Sunday, March 14, 2010

Eisenhower on Vietnam

In my blog Revisionist History I mentioned that the U.S. unilaterally defied the Geneva agreements which called for elections in Viet Nam. This lawlessness was the work of John Foster Dulles, Sec. of State for President Dwight Eisenhower. My friend Bob K. writes:

"My recollection is that Eisenhower in his Mandate for Change conceded that had the elections been held as planned at Geneva Ho Chi Minh would have won in a landslide. Hence our repudiation of the elections and hence our invasion of the south"

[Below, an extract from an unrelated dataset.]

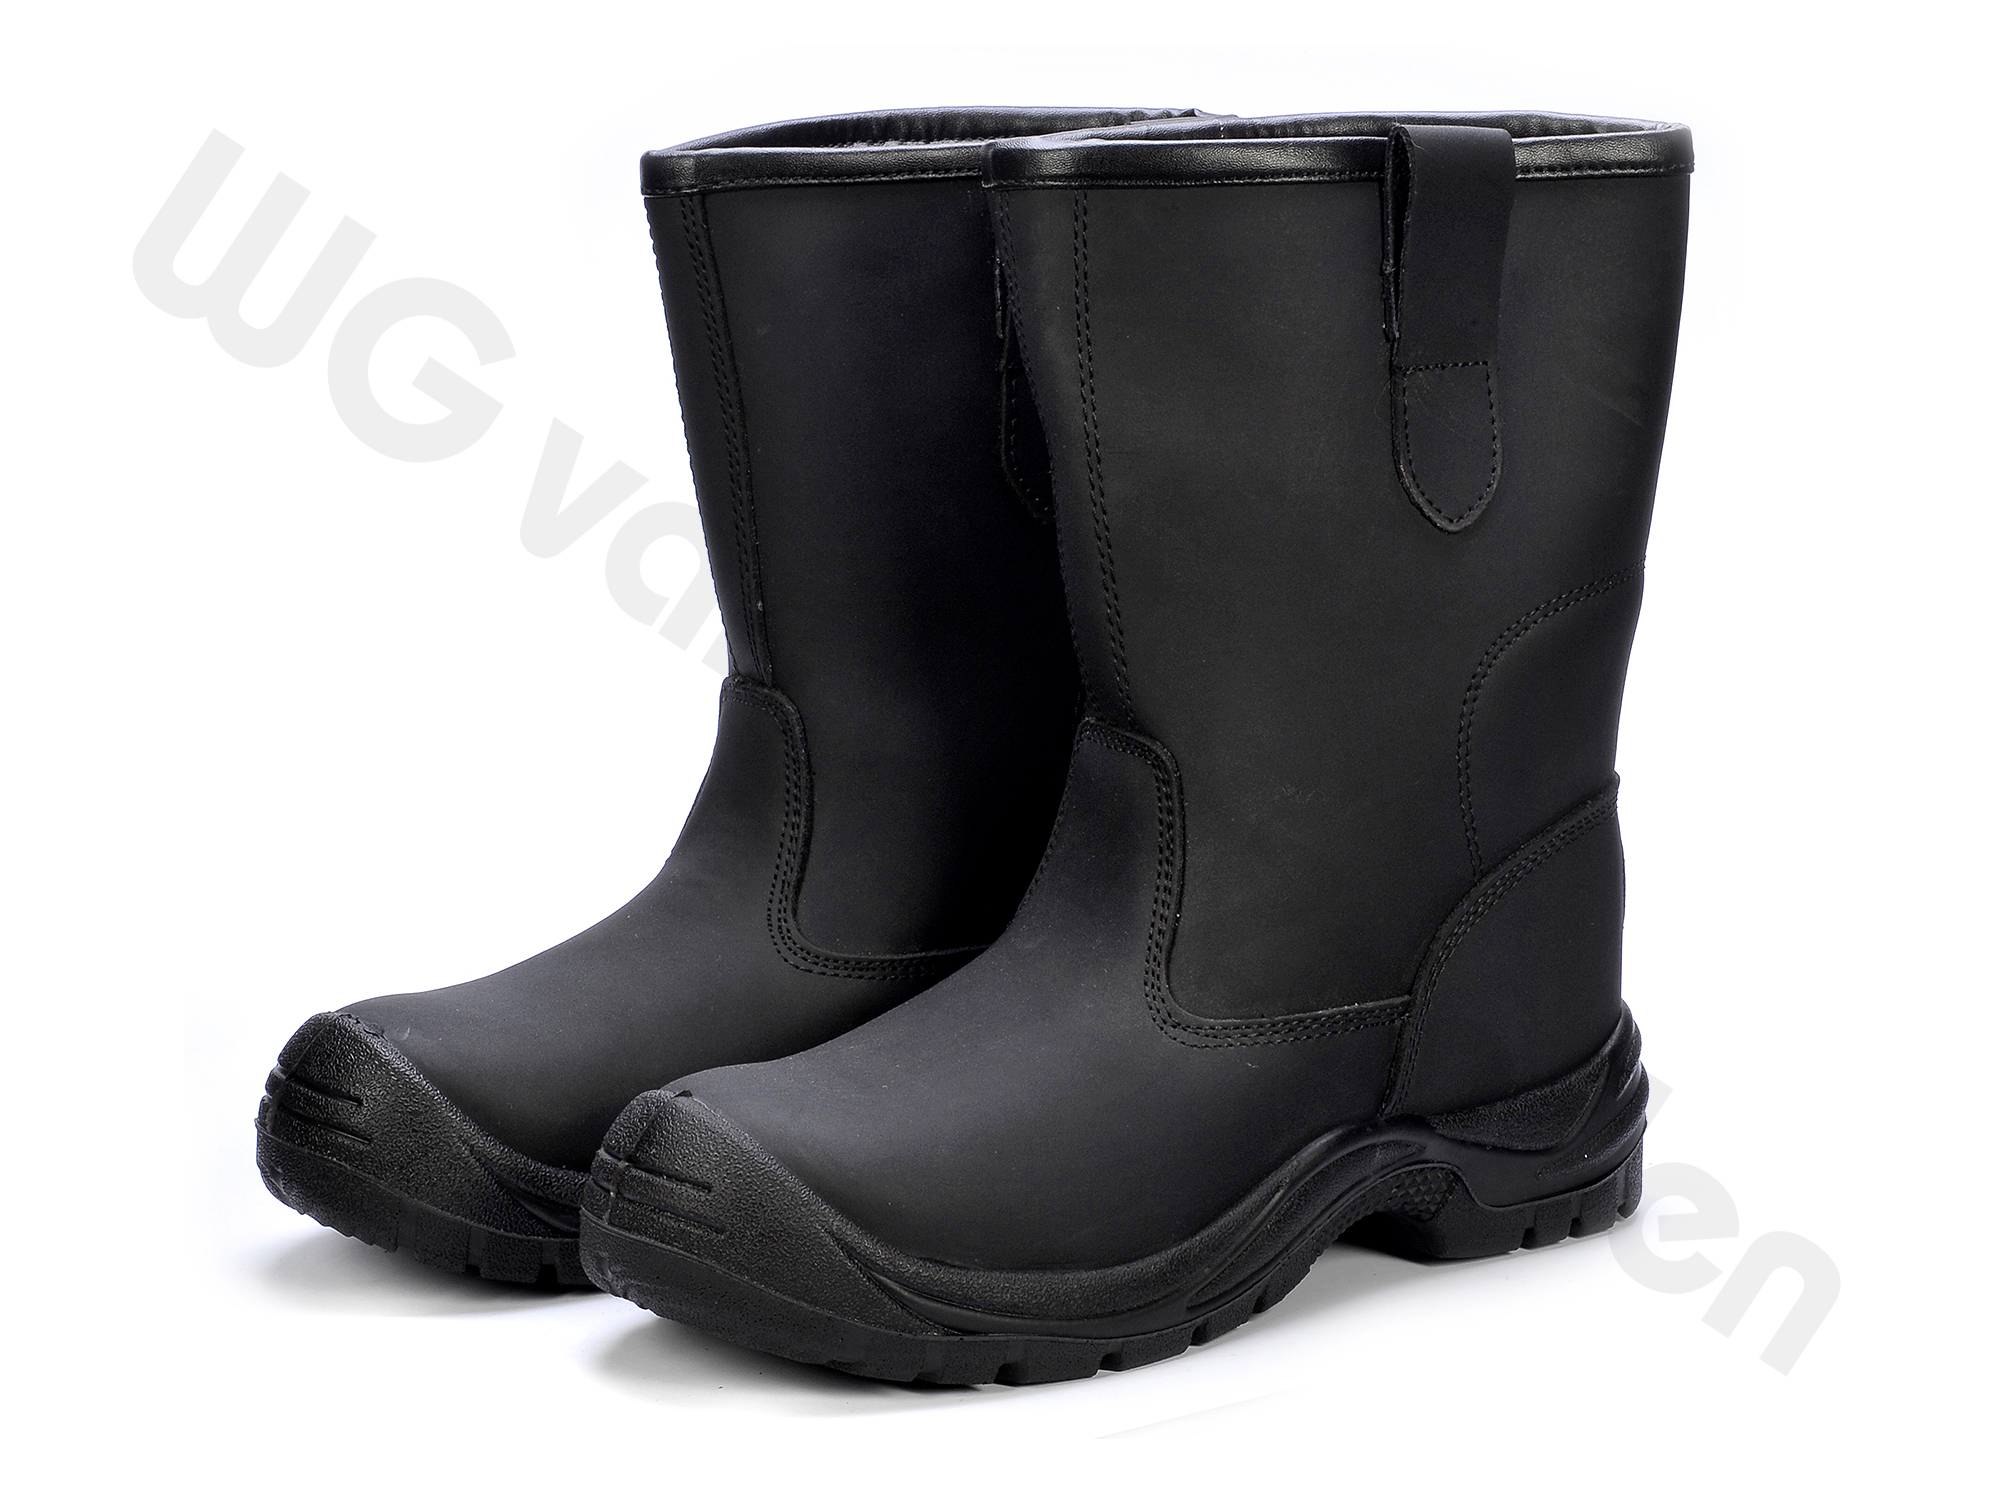 880351 BOOTS SAFETY S3 LEATHER W/STEEL TOE AND LINING 40/26CM
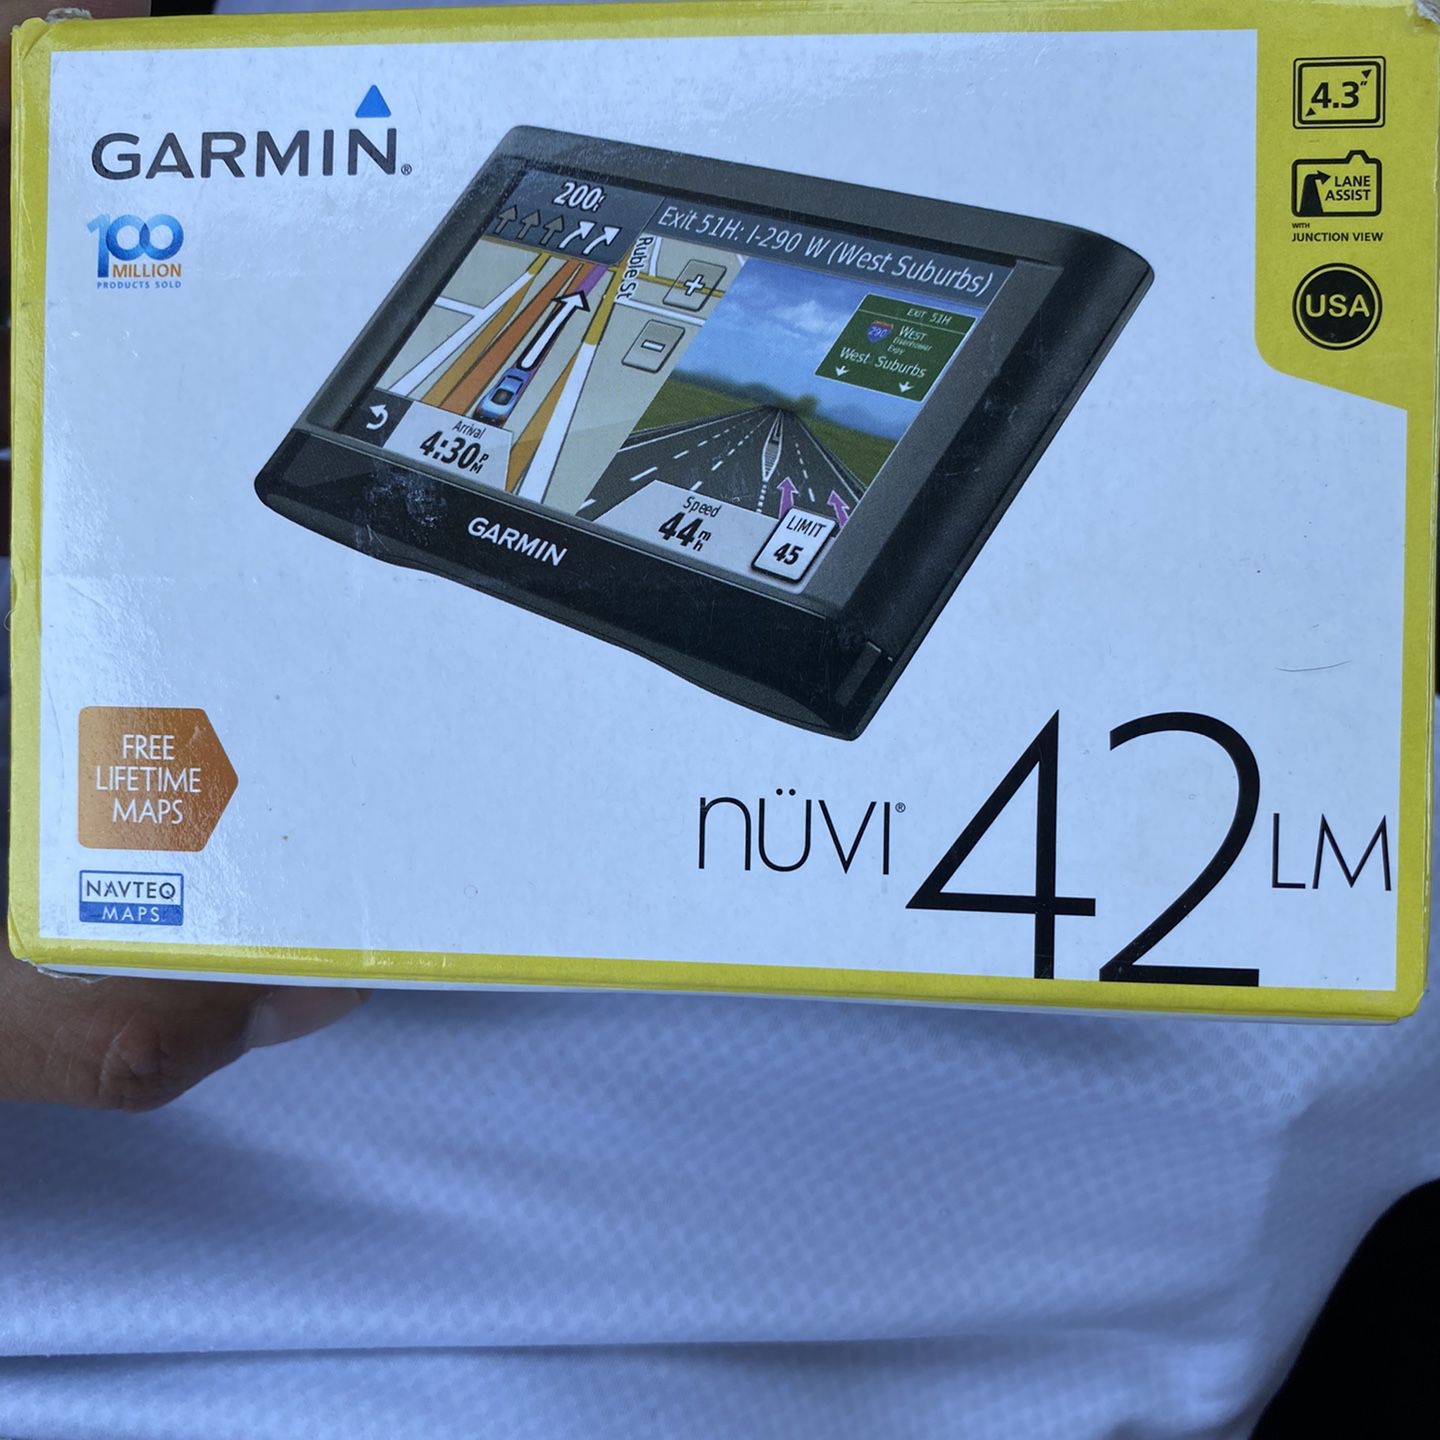 GPS nüvi 42 LM for Sale in Bakersfield, CA OfferUp

Bob is right; on page 337 of Mandate for Change, Eisenhower writes (italics are mine):

"Delay or equivocation in implementing complete independence could only serve to bolster the Communist claim that this was in reality a war to preserve colonialism. To American ears the first French pronouncements, soon made to the world, were a distinct step forward, but it was almost impossible to make the average Vietnamese peasant realize that the French, under whose rule his people had lived for some eighty years, were really fighting in the cause of freedom, while the Vietminh, people of their own ethnic origins, were fighting on the side of slavery. It was generally conceded that had an election been held, Ho Chi Minh would have been elected Premier. Unhappily, the situation was exacerbated by the almost total lack of leadership displayed by the Vietnamese Chief of State, Bao Dai, who, while nominally the head of that nation, chose to spend the bulk of his time in the spas of Europe rather than in his own land leading his armies against those of Communism."

Of course, Bao Dai was not really the head of Viet Nam, but only the corrupt head of the southern part of the country.